Charles Hounsley was listed on the 1789 tax list in Lincoln Co., VA (now KY), his entry dated August 4th, only included him as a white tithe over 21, no livestock or anything else. This is probably because he was already moving to neighboring Nelson Co., VA (now KY) at the time. Either that or this isn’t actually him. The spelling was quite clearly Hounsley. There was a Charles Hounsellor / Hounslar who started appearing in Lincoln around this time. This 1789 entry may be for him instead of Charles Hensley.

Charles Hensley is also listed on the 1789 tax list in Nelson Co., VA (now KY) with one tithable. He is in Charles Ewing’s district, listed as a resident of Pittman’s Creek. Not sure where that is, as Nelson county was huge at this time.
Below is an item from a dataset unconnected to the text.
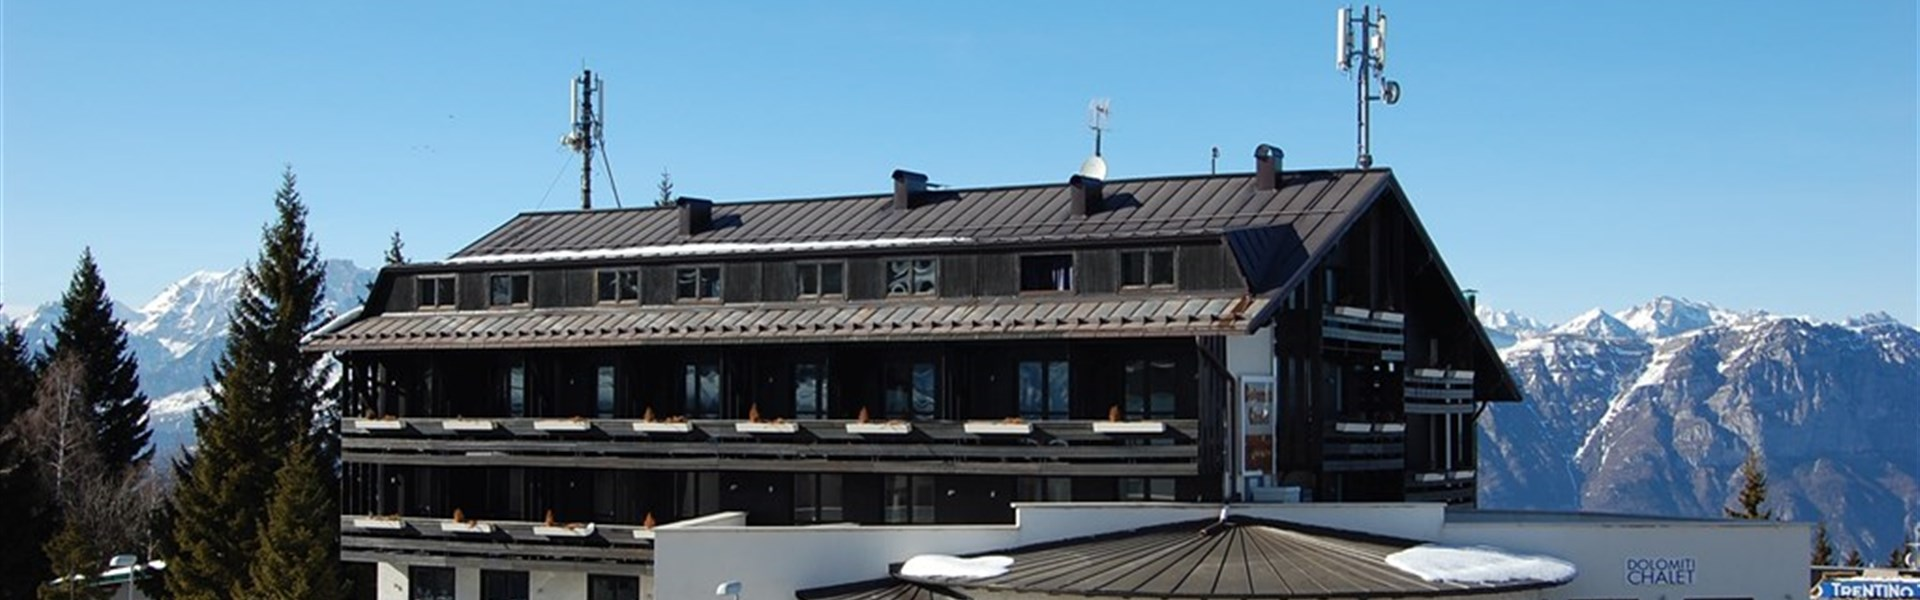 Marco Polo - Hotel Dolomiti Chalet -

It also bordered Lincoln County, so it’s possible Charles barely moved to be in both counties in the same year.

Nelson County was formed in 1784 from Jefferson County, effective 1785. It was a really large county until 1792 when it got carved down to a much smaller size.

Charles Hensley is listed on the 1790 tax list in Nelson Co., VA (now KY) in Capt William Skaggs’ District. He was taxed for one male tithe. No other Hensleys were listed in that county as far as I could find.

The 1790 census is lost for Virginia and Kentucky, but we can assume Charles would have been listed in Nelson County since he was there for the 1790 tax list.

I didn’t find Charles on the 1791 tax list in Nelson. It was still such a large county that he could have been missed. However, he was not listed in Capt. William Skaggs’ district as in 1790. The neighboring county to the south at that time was still Lincoln. I didn’t find Charles listed in Lincoln in 1791 either.

I didn’t find Charles Hensley on the 1792 tax lists. This is the year that Nelson was cut down considerably by the creation of Washington, Green and Hardin counties. He may have fallen into one of those new counties. However, I checked 1792 Nelson, Lincoln and Washington, and he wasn’t listed on any of those. There are no 1792 tax lists for Hardin or Green. I had the same luck in 1793, he wasn’t in Nelson that year. There are no 1793 lists for Green or Washington. Only a segment remains of the 1793 list for Hardin, and he wasn’t on it.

Lincoln County too was also reduced by Green’s creation in 1792, along with the new Logan County formed the same year. We know that Charles was in Logan by 1794, but he wasn’t there yet for the 1792 or 1793 tax lists. He wasn’t in Lincoln in 1792 or 1793 either.

Charles Hensly is listed on the 1794 tax list in Logan. He has one male over 21 (himself) and 4 cattle. He was the only Hensley in that county at the time.

Charles Hensly is listed on the 1795 tax list in Logan. He has one male over 21 (himself) and 8 cattle. He was still the only Hensley in that county at the time.

In 1796, effective 1797, Christian and Warren counties were created from large portions of Logan.

I didn’t find Charles Hensley in Logan for the tax lists of 1796, 1797, 1799 or 1800. (1798 is missing.) Did he die ca 1795/96, or did he fall into one of the new counties formed in 1796/97?

I didn’t find Charles in Christian Co., KY in 1797, 1798, 1799 or 1800 on the tax lists.

I didn’t find Charles in Warren Co., KY in 1797 on the tax list.

If he died ca 1795/96, he would have likely been in his 50s then.

The 1800 census is lost for Kentucky, Tennessee and several other states and territories.

The 1810 census is complete for Kentucky, but there is no Charles Hensley listed there.


I think that Charles might be the father of Benjamin Hensley (c1761-aft 1789) who was near him in 1782 in Montgomery and both were in Washington just after that. They were certainly related, if not father and son.

Charles Hensley seems to have at least one other son per the 1788 tax list, an apparent son who was 16 and up who wasn’t listed in 1787, so likely just turned 16, thus born ca 1772.

I have no clues who this apparent son might have been. He probably would have gone into Kentucky with Charles.